# Advice on 06 GMC 2500HD



## AAJay (May 20, 2006)

I have a 06 GMC 2500HD reg cab pickup. How well does it work with this truck? How would you rate this plow compared to others? Etc. Any feedback is appreciated!


----------



## Antnee77 (Oct 25, 2005)

I'd like to help you, but I can't understand what you're looking for. Read your post again.


----------



## mpowers241 (Oct 23, 2006)

*2006 Gmc K2500 Hd Ext Cab*

I just bought this truck, in SLT trim with Duramax / Allison 6 speed combo, 4WD, lots of bells and whistles, figured it would be a good truck to haul family around in when I wasn't doing work.

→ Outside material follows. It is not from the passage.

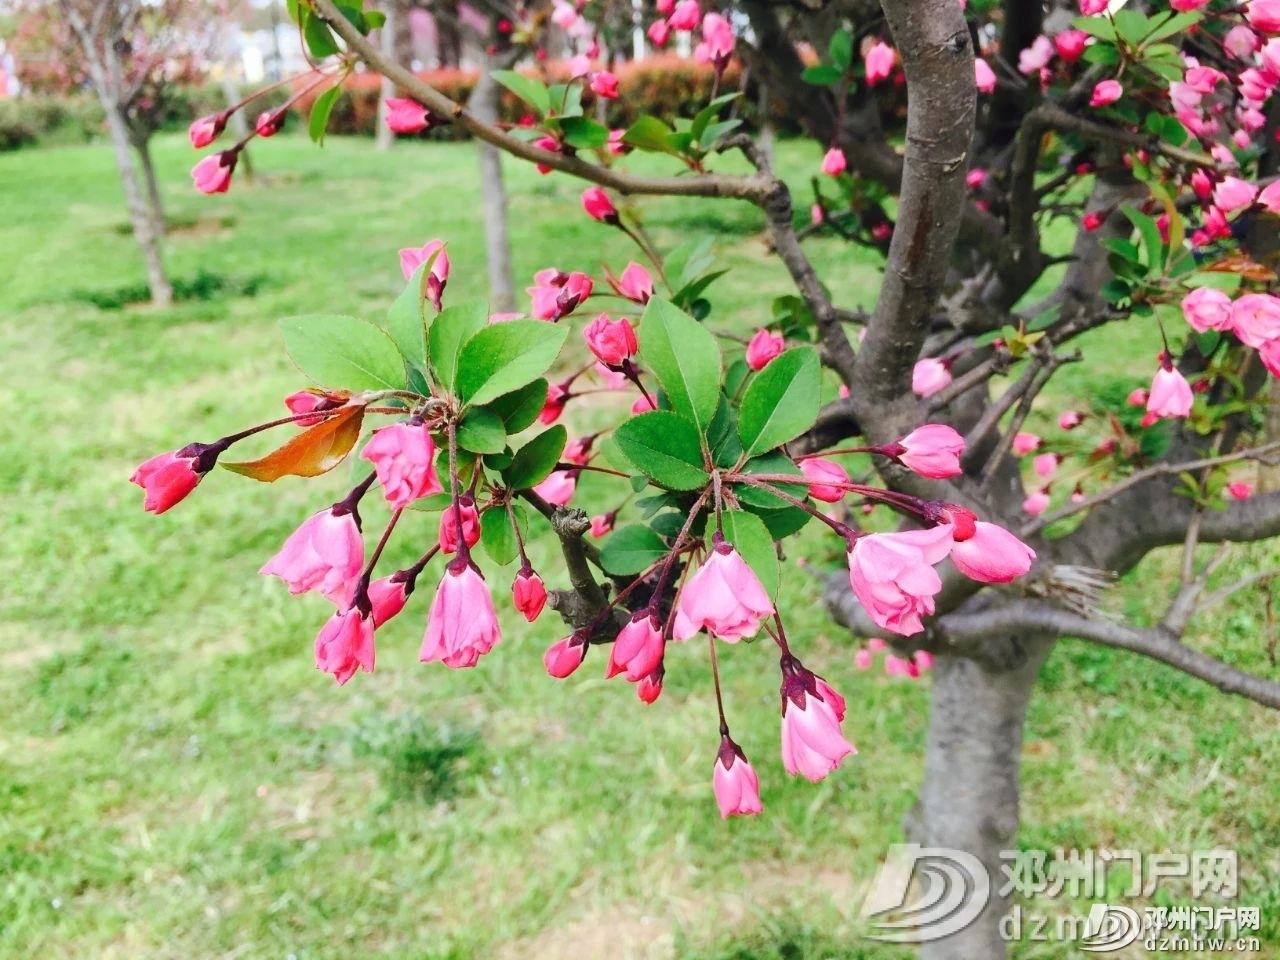 春暖花开,邓州,久等了! - 邓州门户网|邓州网 - 956dcf5ef891e99aaab1e479363b4b4b.jpg

Was told that truck was fine for plowing at dealer. Buddy of mine said that extended cab may present a problem for plowing. Asked dealer if they knew anything about it, said he had plenty of people plowing with the truck.

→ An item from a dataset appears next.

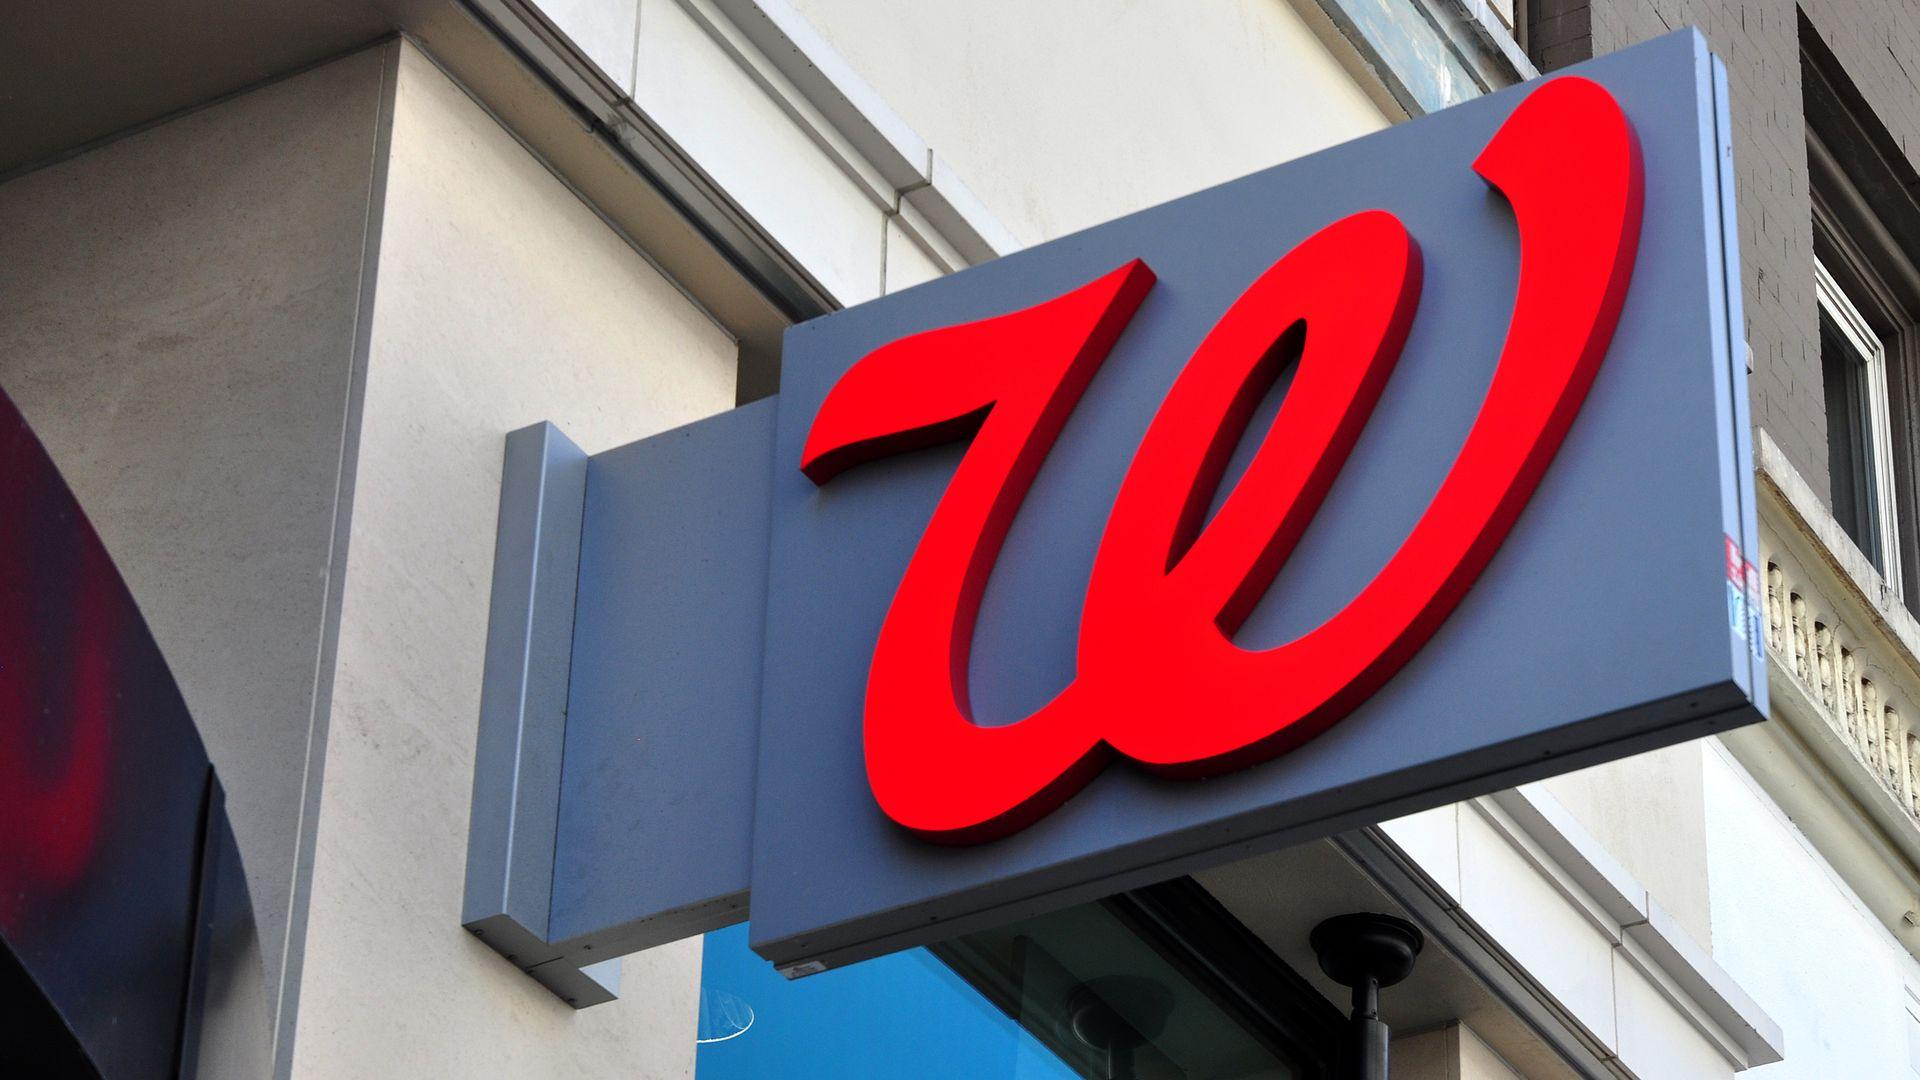 412754251d2 Walgreens settles profit shortfall case - Axios

Went to local Fisher dealer, great guy, spent an hour and a half with me explaining plows, let me drive his truck around, attach plow, etc. to get the feel of it. He says that the concern GMC has over extended cab plow is largely due to their liability fears as opposed to operational problems, and that he would have no reservations putting an 8 foot Xblade on the truck, especially since I will likely be a casual (driveway) plower.

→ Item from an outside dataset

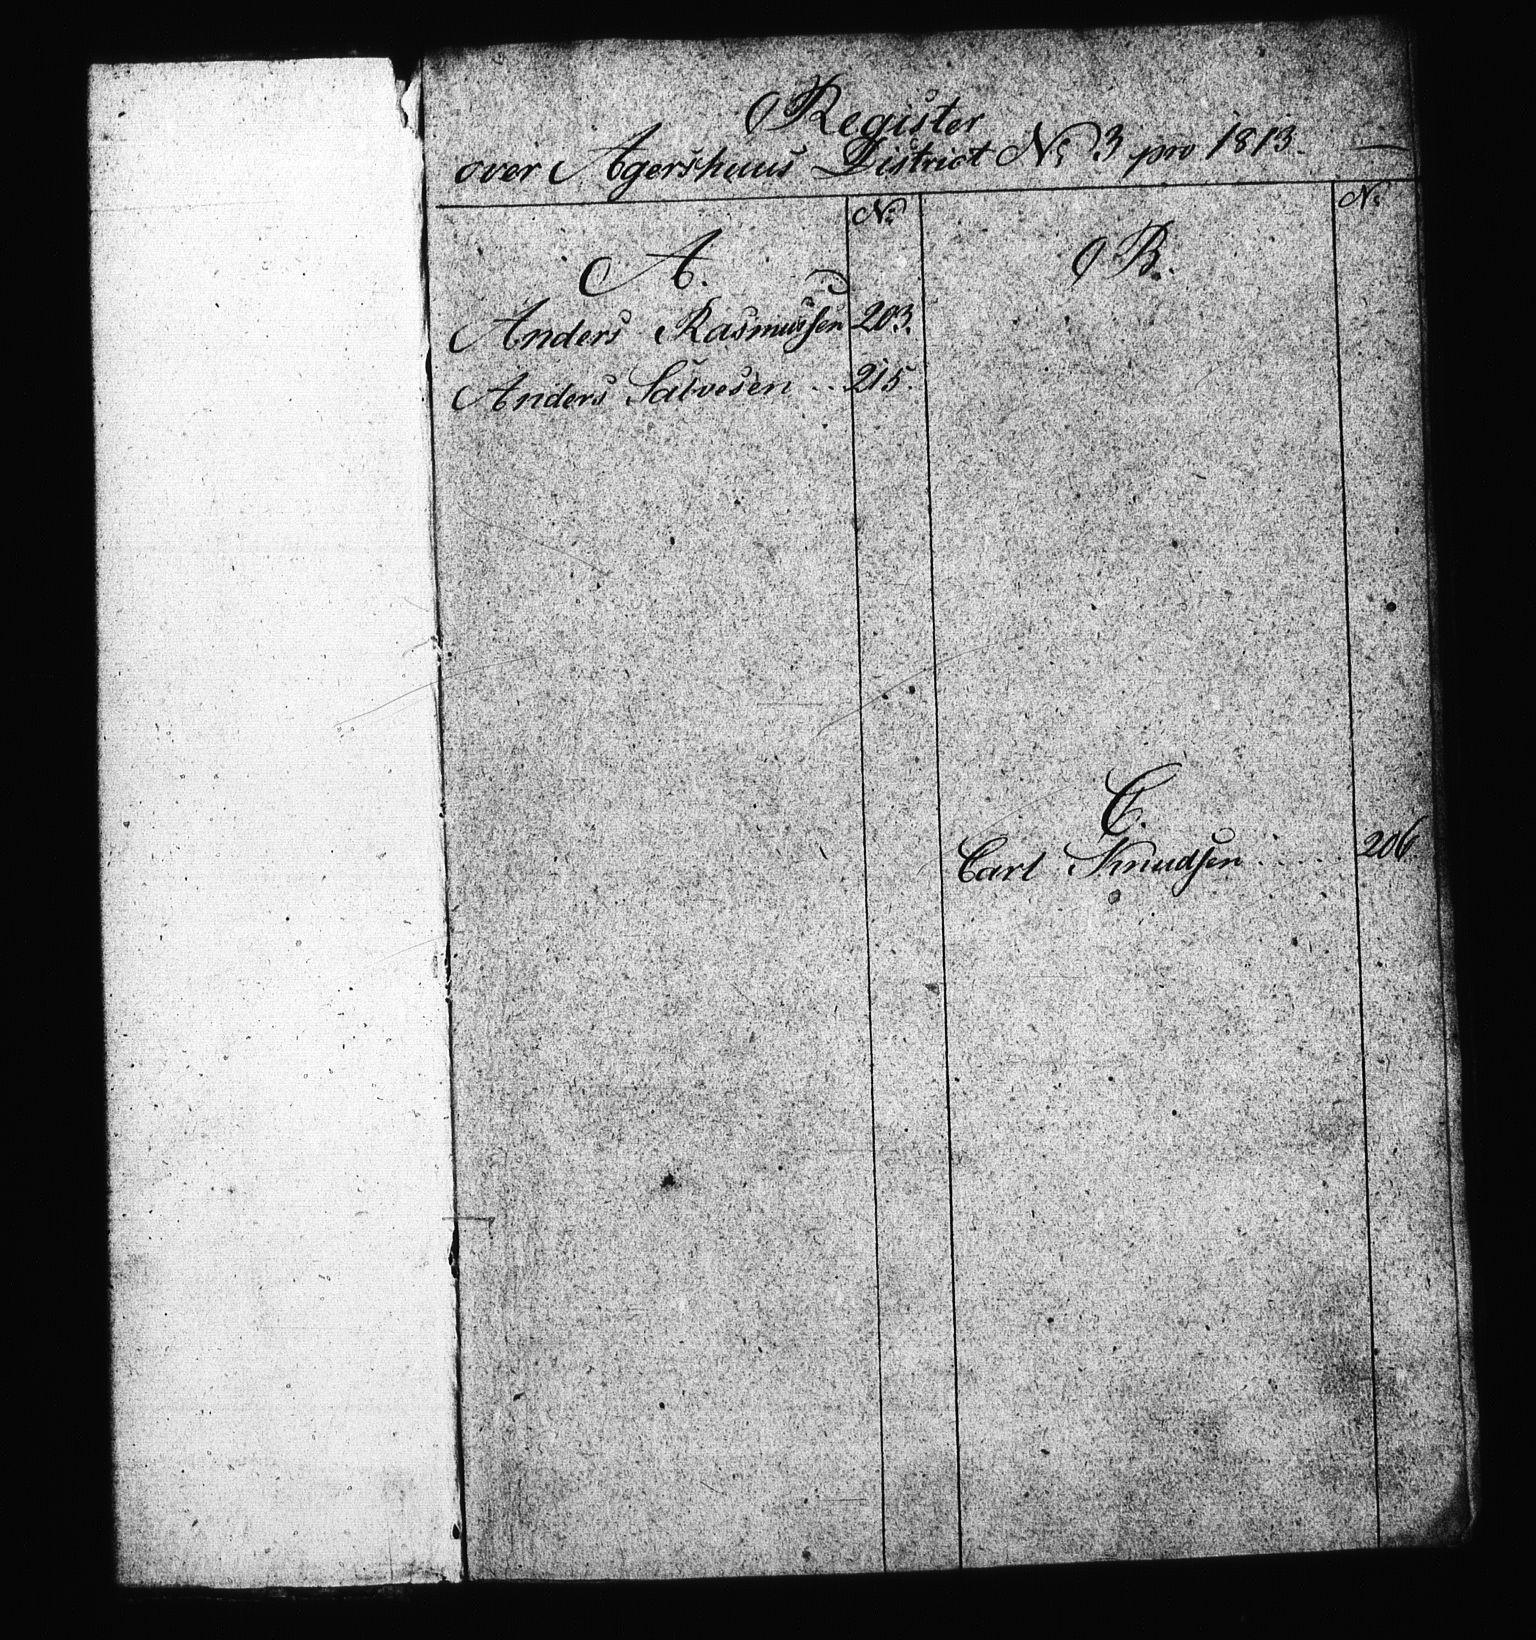 RA, Sjøetaten, F/L0007: Akershus distrikt, bind 3, 1813

Great truck so far, just would like to plow with it.

Does anyone have any experience using a plow on the GMC Extended cab with duramax?
Would welcome your input.

Mike Powers, 
2006 GMC Sierra K2500 HD
6.6 Duramax w Allison 6 speed


----------



## NoFearDeere (Nov 7, 2005)

To the above post...^^^^^^ That truck would be fine for plowing. Thousands of people plow with those trucks.


----------



## eng50 (Jan 30, 2004)

I plow with an '05 Chevy 2500 HD Crew Cab with Duramax/Allison combo, you won't have a bit of trouble, they really do well with plows...

Bill


----------



## Antnee77 (Oct 25, 2005)

mpowers241 said:


> I just bought this truck, in SLT trim with Duramax / Allison 6 speed combo, 4WD, lots of bells and whistles, figured it would be a good truck to haul family around in when I wasn't doing work.
> 
> Was told that truck was fine for plowing at dealer. Buddy of mine said that extended cab may present a problem for plowing. Asked dealer if they knew anything about it, said he had plenty of people plowing with the truck.
> 
> ...


Long bed or short bed?


----------



## mpowers241 (Oct 23, 2006)

Short Bed, and a crew cab ( 4 doors), not extended. My bad.


----------



## Frozen001 (Oct 20, 2004)

mpowers241 said:


> especially since I will likely be a casual (driveway) plower.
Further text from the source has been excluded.